6. Emerging Trends and Future Directions
Several promising axes are emerging for multimodal sensing research:
- Foundation Models for Sensing: General, pre-trained, and modular architectures (e.g., Babel) that learn expandable modality alignment, admit few-shot/one-shot adaptation, and interface to LLMs for semantic comprehension and cross-modal retrieval (Dai et al., 2024).
- Semantic/Task-Driven Sensing and Communication: Integrated joint source-channel coding, semantic-segment transmission, and multi-task learning as in SIMAC and LAM-based ISAC, blending perception and control in communication-constrained settings (Peng et al., 11 Mar 2025, Peng et al., 26 Jun 2025).
- Contextual and Interactive Sensing: Human-in-the-loop modalities, context-driven pipeline reconfiguration, and multi-agent consensus for collaborative sensing; dynamic trade-off between latency, energy, and task accuracy (Rathnayake et al., 2020, Zhang et al., 1 Dec 2025).

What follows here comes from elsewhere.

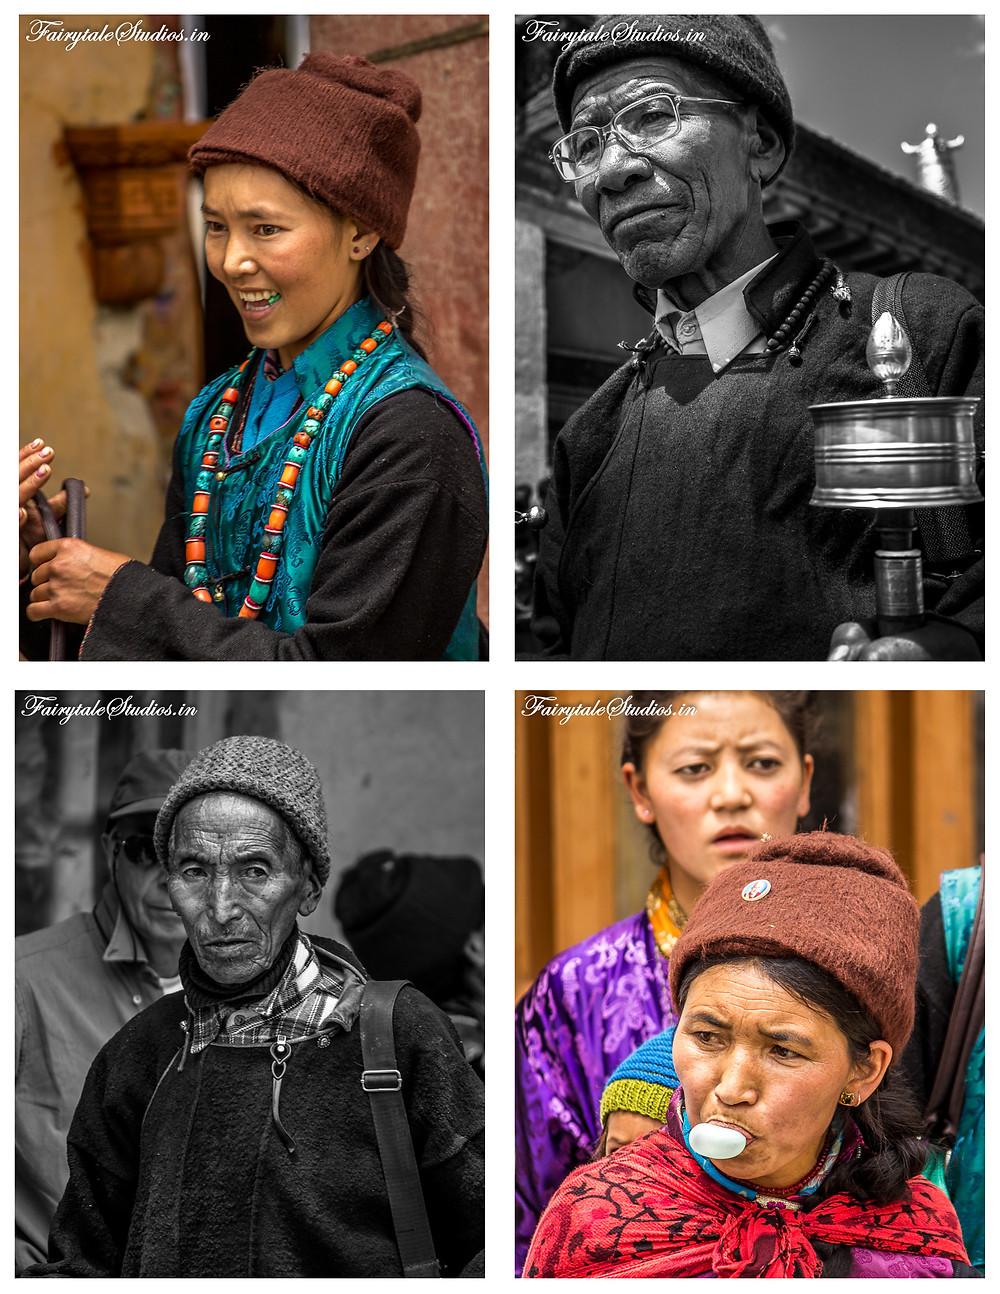 People enjoying and eagerly waiting for the Stongdey festival to start (The Zanskar Odyssey Travelogue)

- Privacy-Preserving and Edge/Federated Fusion: Distributed model training, privacy-by-design analytics, and joint on-device fusion for domains requiring low-latency, privacy-assured inference (Zhao, 10 May 2025, Rulff et al., 2024).
- Generalization and Transfer: Cross-domain adaptation, data-efficient fine-tuning, and robust alignment under hardware and signal-format heterogeneity remain open research frontiers (Dai et al., 2024, Zhao, 10 May 2025).
Multimodal sensing is thus rapidly progressing from ad hoc sensor combinations to principled, foundation-scale architectures capable of integrating diverse signal sources, adapting dynamically to environment and mission constraints, and providing resilient, semantically meaningful outputs under real-world uncertainty.